§ **What is being asked**
Only one stretch of the data should be retyped: the lines from the line containing "STVONO LED Corn" through the line containing "Kyoukai Senjou no". Keep pictures out of it.

§ **Supplied information**
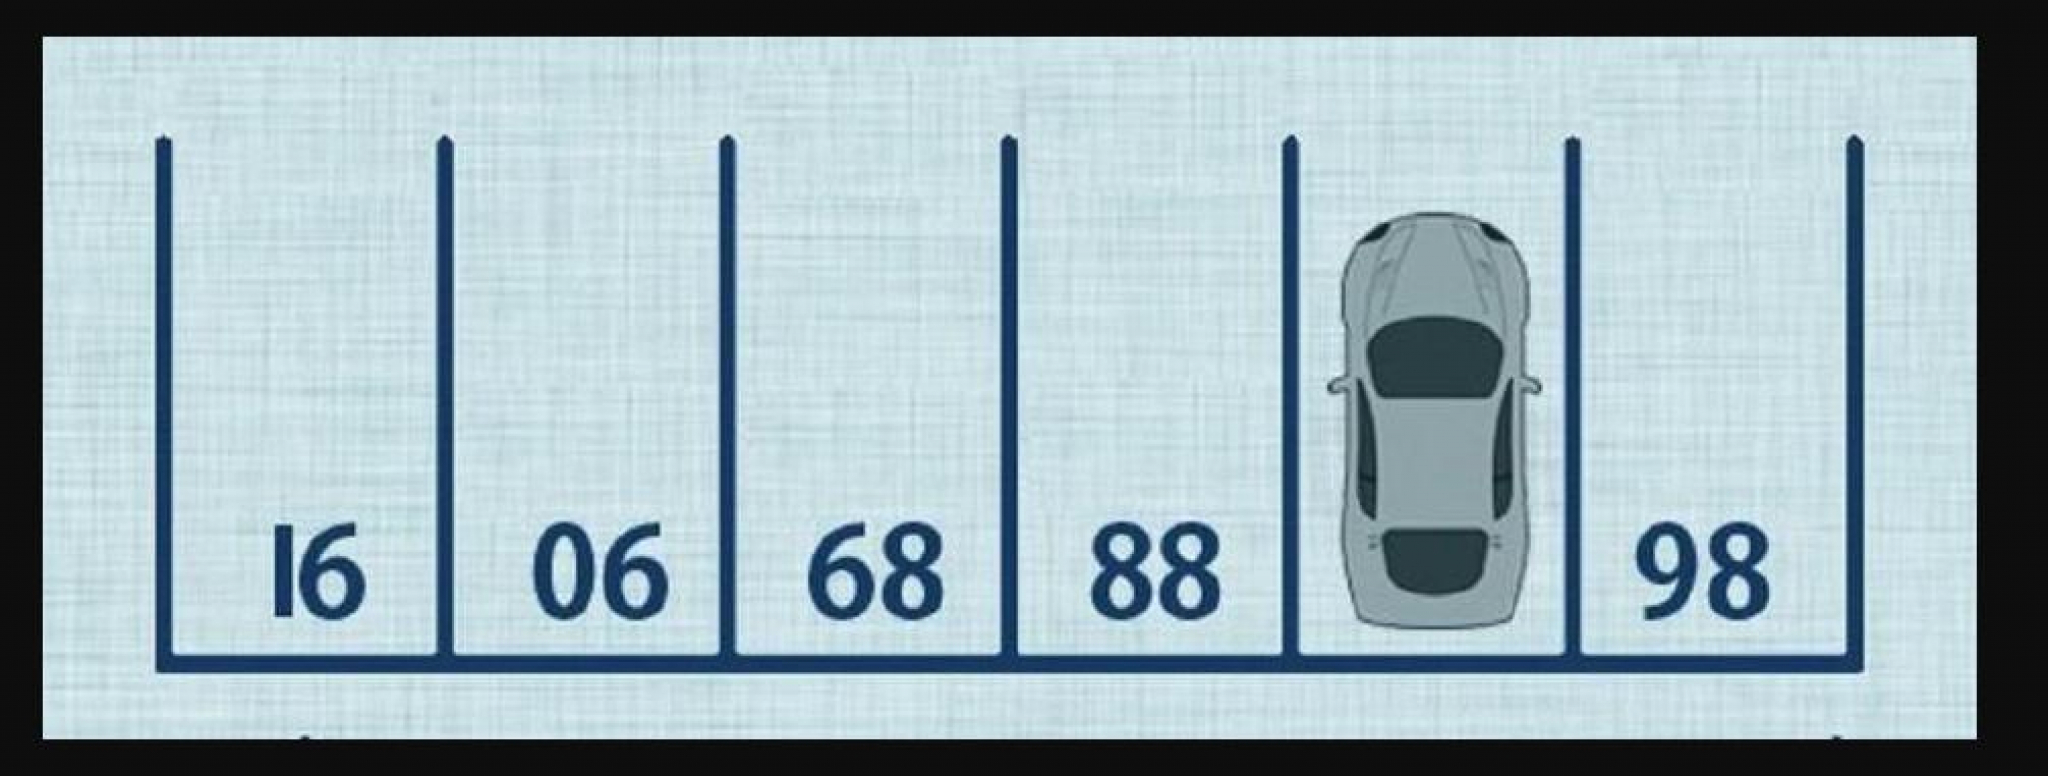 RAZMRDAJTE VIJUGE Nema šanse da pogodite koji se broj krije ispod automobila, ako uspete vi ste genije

---

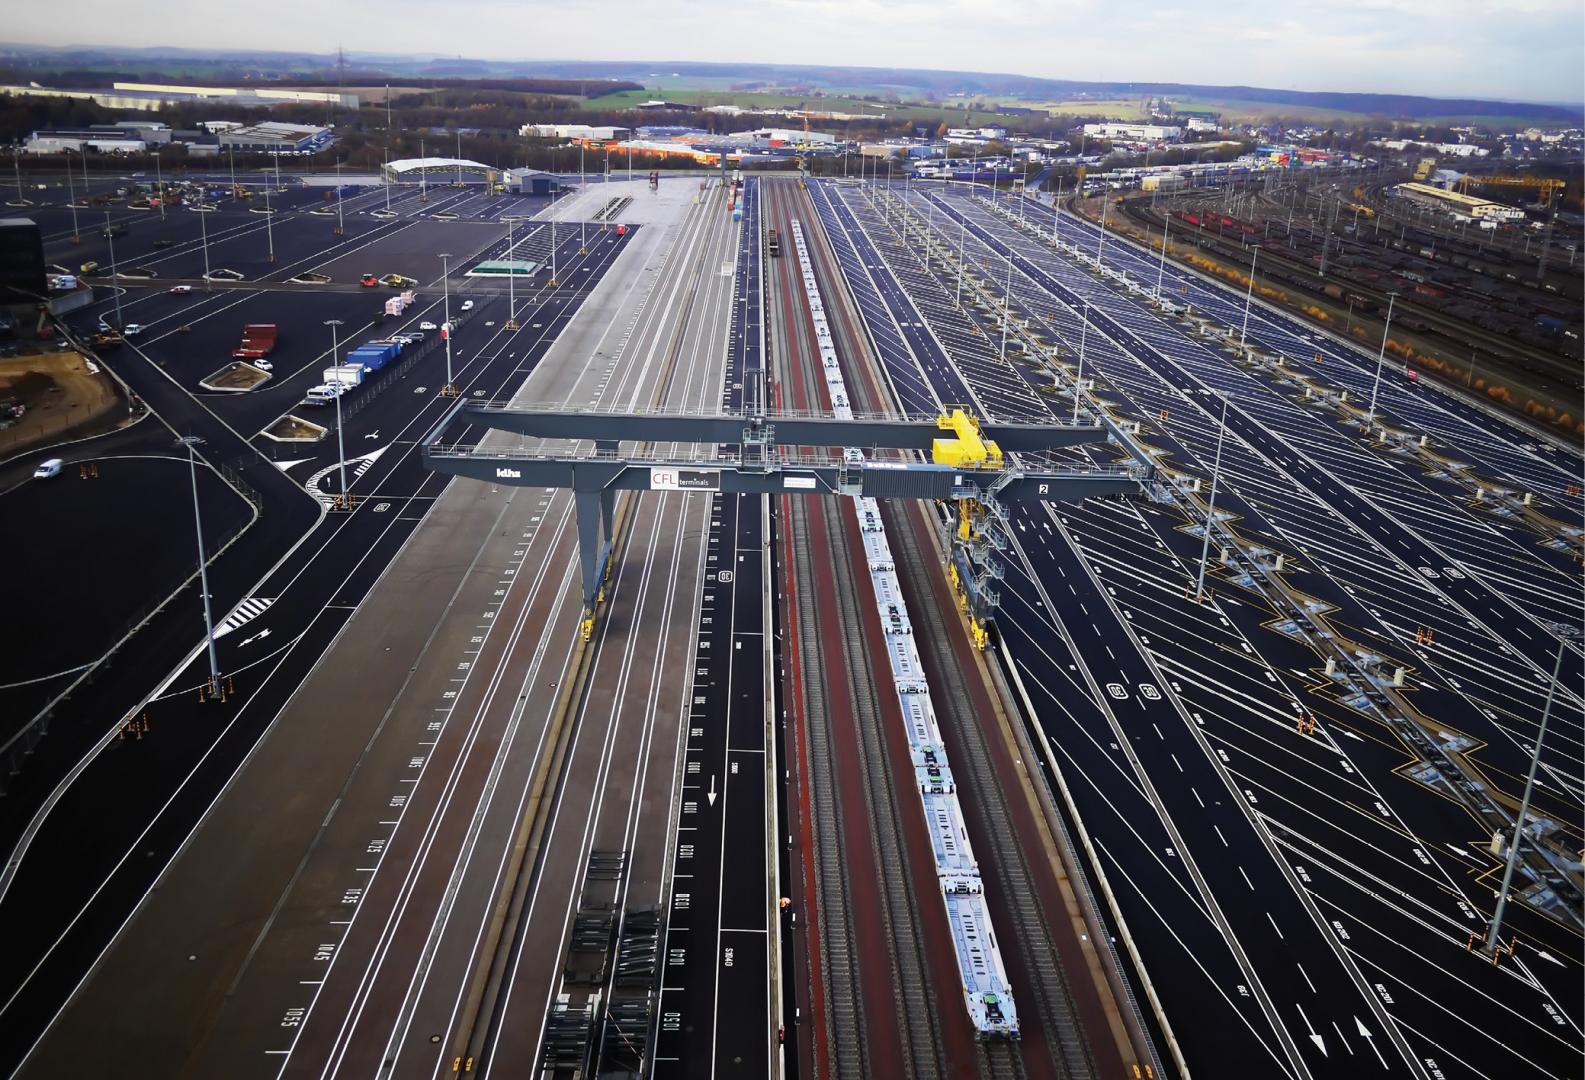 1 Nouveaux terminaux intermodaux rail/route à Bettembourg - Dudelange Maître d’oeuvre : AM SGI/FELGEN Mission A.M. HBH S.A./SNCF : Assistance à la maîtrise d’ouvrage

---

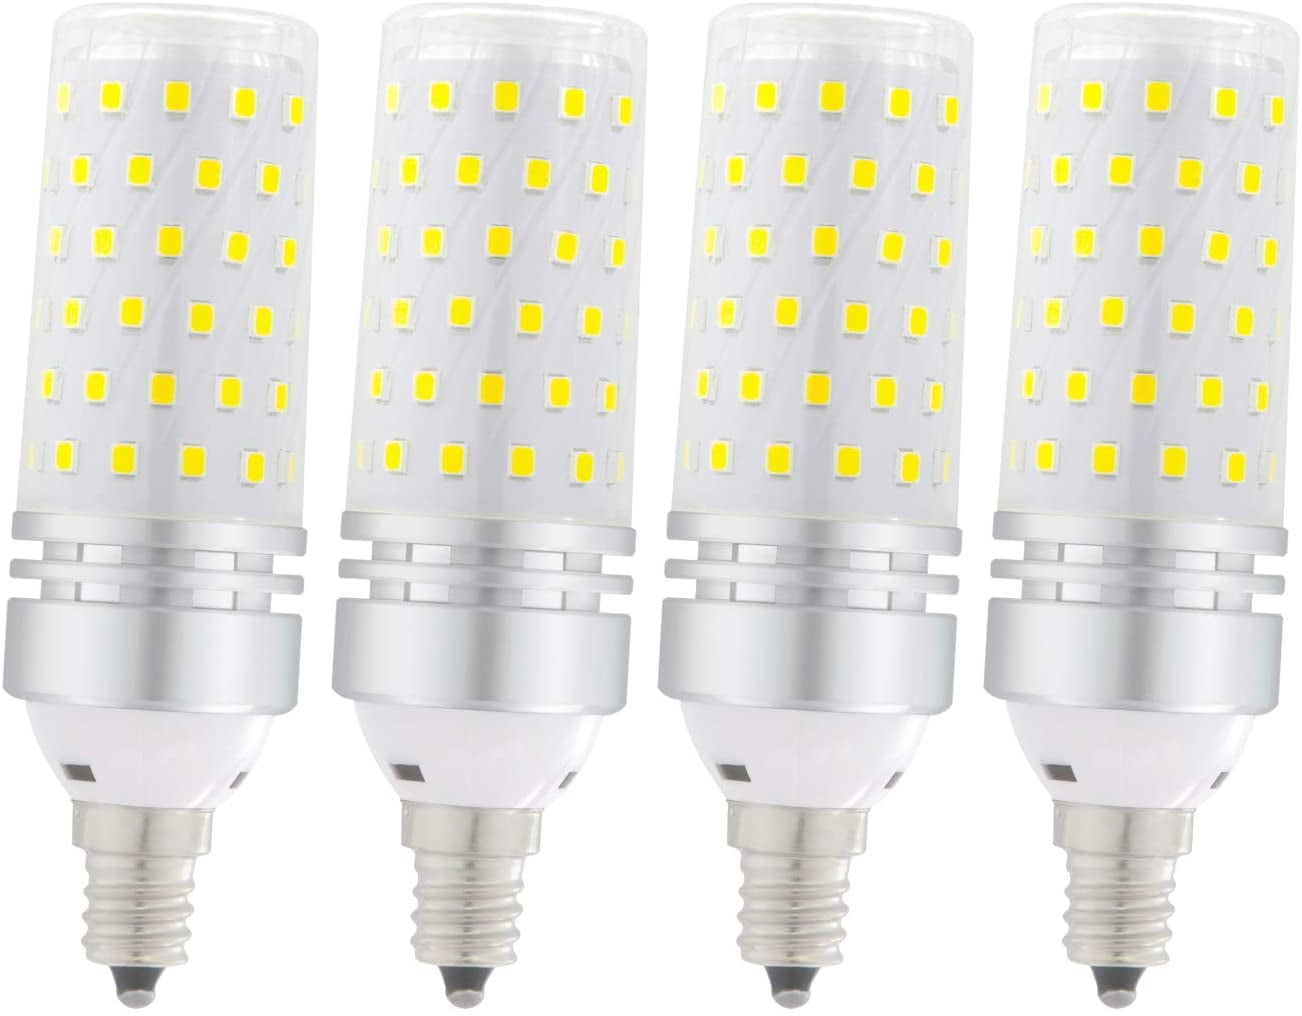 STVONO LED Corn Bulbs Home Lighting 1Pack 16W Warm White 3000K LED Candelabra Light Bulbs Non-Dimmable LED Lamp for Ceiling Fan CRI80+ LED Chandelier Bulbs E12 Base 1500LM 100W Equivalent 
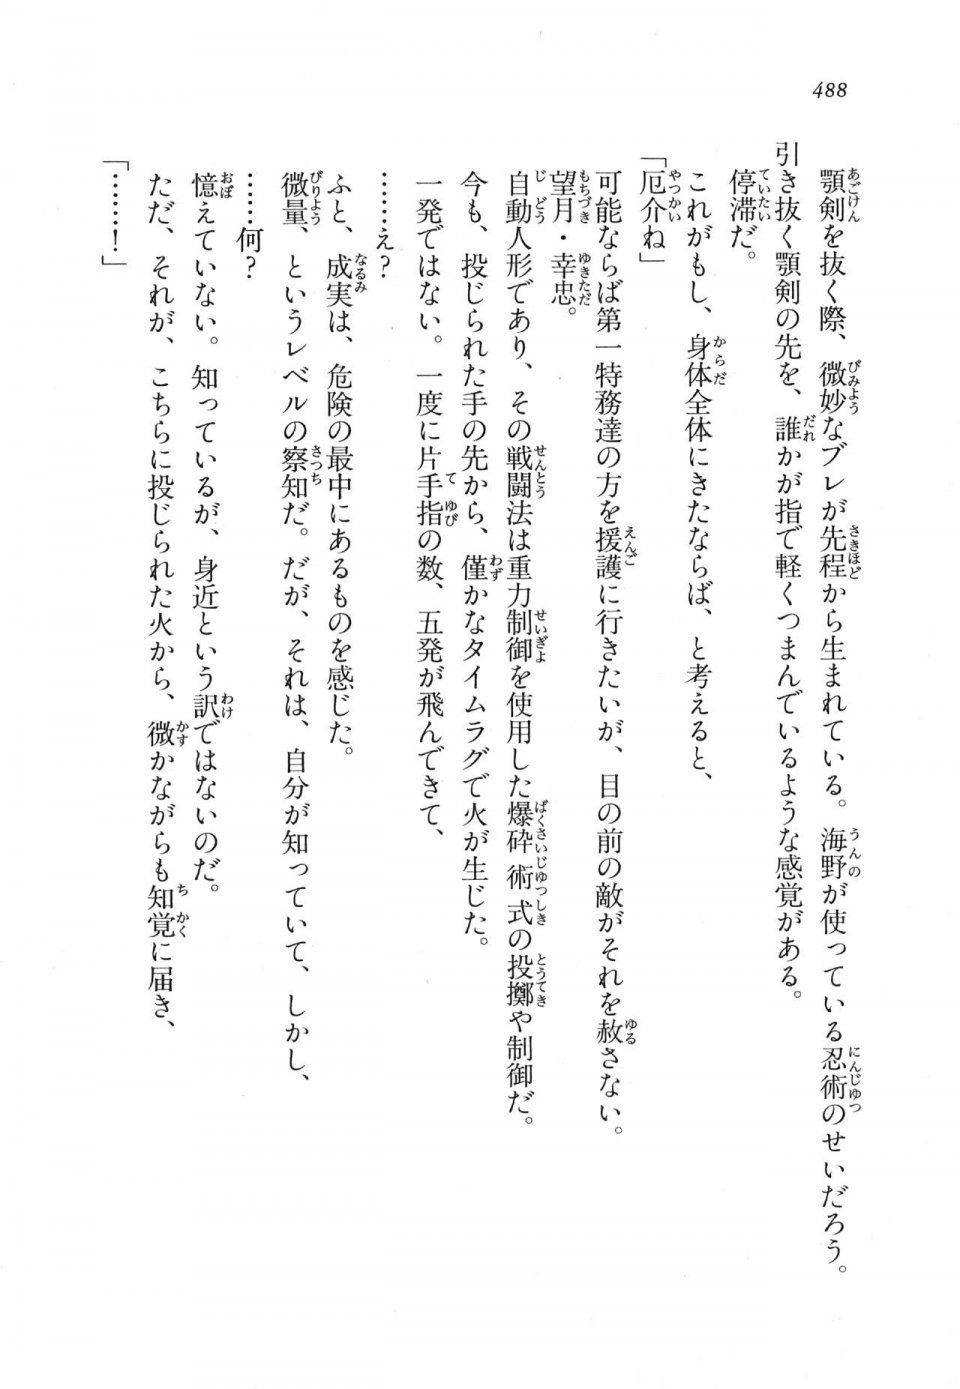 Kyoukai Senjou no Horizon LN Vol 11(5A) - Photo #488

§ **Output for this exercise**
 STVONO LED Corn Bulbs Home Lighting 1Pack 16W Warm White 3000K LED Candelabra Light Bulbs Non-Dimmable LED Lamp for Ceiling Fan CRI80+ LED Chandelier Bulbs E12 Base 1500LM 100W Equivalent 
 Kyoukai Senjou no Horizon LN Vol 11(5A) - Photo #488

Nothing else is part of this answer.